Not sure if you have already made up your mind but I'll share my experiences
I currently own a Rena Filstar 1 (small I believe) been running 15 years or so.
Owned a SunSun 304-b broke down after 9 months, it would over heat then kick off/ reset after 10 mins then kick back off.
Eheim 2217 owned for about a month

First flow, my xp1 runs my cerges reactor, I also used the 304-b to run same reactor. As far as flow, 304-b said it would do 525gph, I would say its more around 200-250gph. The filstar says its 250gph and would say its more like 175-200. Almost couldn't tell the difference between the sunsun and the filstar just more turbulence in the cerges so I'm estimating it more.

The eheim I believe is said to be 265gph and I would say from what I've read its about 250. I have the filstar and eheim running side by side with same size DIY spray bar and the eheim is stonger flow. Although, it is not running through a reactor either.

I actually have the 2217 flow reduced a bit, its in my 40B. For a 29g I think a 2215 would work great but if you want more flow go with the 2217. Last I checked it was 139 on amazon and comes with all the filter media, the sunsun and aquatop don't.

Many people love the sunsun but maybe I just had a lemon, I also had problems with it leaking water from where the motor connected to the base, but was able to fix it by removing the big o ring and lubing it. Would think right out of the box it would be good to go but, not mine.

I do believe my 40B has never looked as clear as it does with the new 2217 on it. Its really nice filter and I would definitely buy another. Since its only a month old or so, time will tell if it will stand the test of time. The filstar is still chuggen along though.

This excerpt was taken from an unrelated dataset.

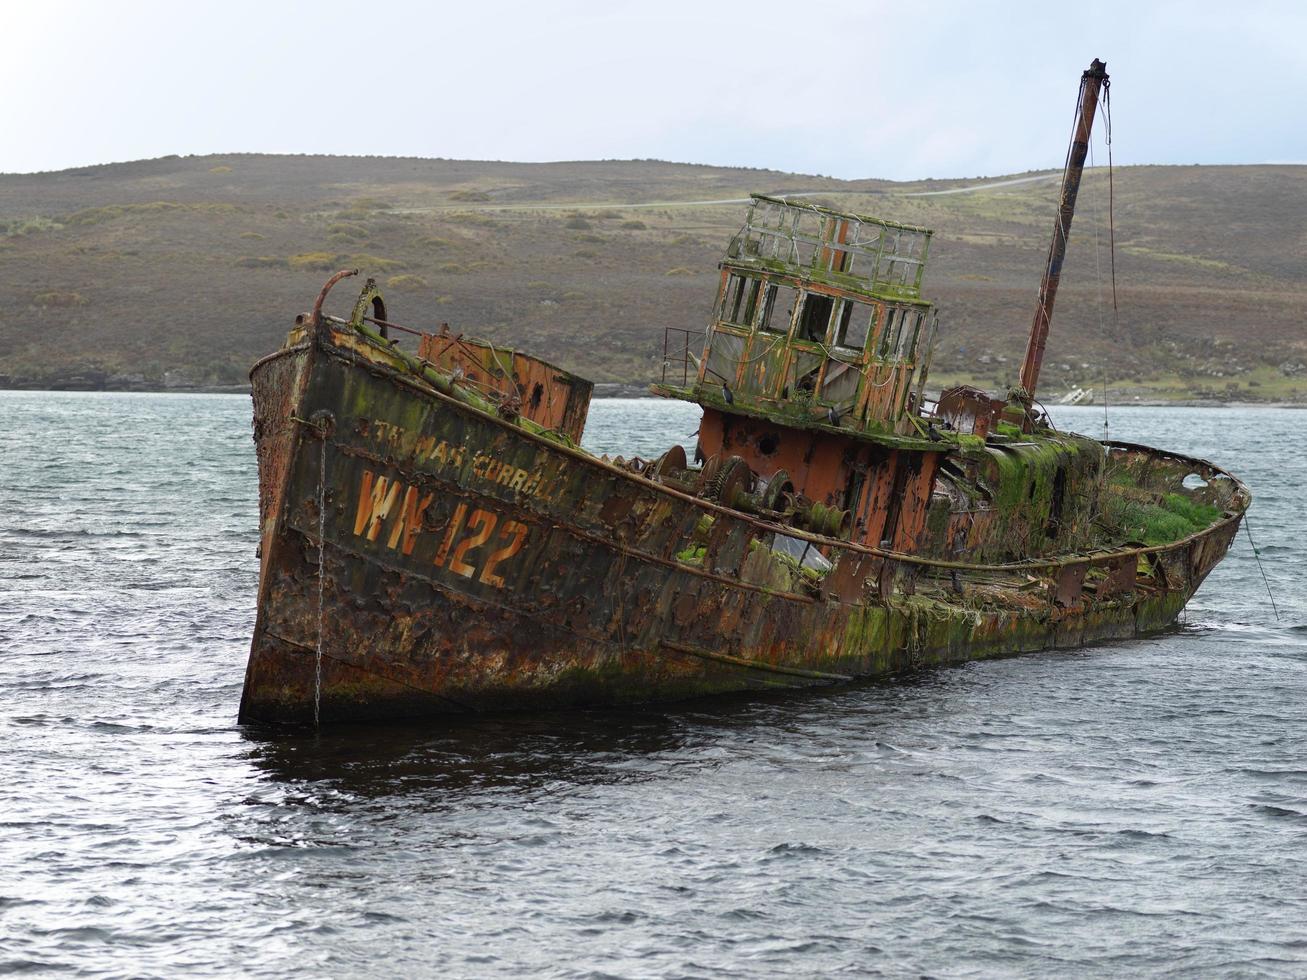 braunes Schiffswrack im Wasser foto

ps. that UV in aquatop/sunsun is useless it just heats the water IMO


----------



## Immortal1 (Feb 18, 2015)

Not sure which AquaTop you are considering, but i do have experience with the CF400 and CF500 models.
Both have flaws that I would consider fixable but for what you pay, you should not "have" to fix manufacturer flaws.
My biggest issue with the filters was bypass. I actuall was getting bits of plant material sticking out of the spray bar along with a lot of fine particles floating in both tanks.
With the right mods, I no longer have bypass on either filter.
If you do end up getting one, let me know which one and i will let you know what specific fixes are needed


----------



## houseofcards (Mar 21, 2009)

Generally speaking all the filters work, some are going to be more reliable than others. For the difference in price I would still go with an Eheim. There is 30 years of use on them and they are dead quiet if that's important to you.


----------



## Lonestarbandit (Feb 7, 2013)

Freemananana said:


> A SunSun 302 will do fine and there are several members reporting them lasting several years. I read a thread a couple days ago and a member mentioned having one for nearly 7 years. Is it the best quality? No, probably not. But it isn't like a canister filter is particularly complicated. I don't think you can go wrong with a SunSun. I've owned 3 on 3 different tanks and had no issue.


That was me:nerd:
I have 3 Sunsun 302's.
1 is still going strong at 7+ years of continuous use (the prime pump doesn't work too well on him otherwise still soldiering on silently).
I have 2 more Sunsuns running @ 6 and 4 years respectively all on 55G tanks and all going about their business quietly and effectively.
I will say the basket handles like to come off perhaps due to warping over time but they aren't broken and do work if you are careful and don't manhandle them.
These to me are a small price to pay for a filter that performs as the Sunsuns do and for the price point they are at.
I think I paid 46-55 bucks each for those over the intervening years.
And I am sorry to all the big brand guys but NOTHING will touch the cost vs benefit ratio of a Sunsun/Aquatop/Perfect/Grech/Super/Pingkay/ZenBlue for those on a budget.
Money no object I am sure we would all have Eheims but I have more urgent uses for my funds lol (Called a wife and kids - shhhh I didn't say that) :surprise:


----------



## Immortal1 (Feb 18, 2015)

Just curious for the OP's sake, are SunSun & AquaTop exactly the same filter? Or could there be some manufacturing differences?
I have no complaints about the pump head capacity/flow volume/or pump noise. I just have never seen a SunSun in person.


----------



## Lonestarbandit (Feb 7, 2013)

Immortal1 said:


> Just curious for the OP's sake, are SunSun & AquaTop exactly the same filter? Or could there be some manufacturing differences?
> I have no complaints about the pump head capacity/flow volume/or pump noise. I just have never seen a SunSun in person.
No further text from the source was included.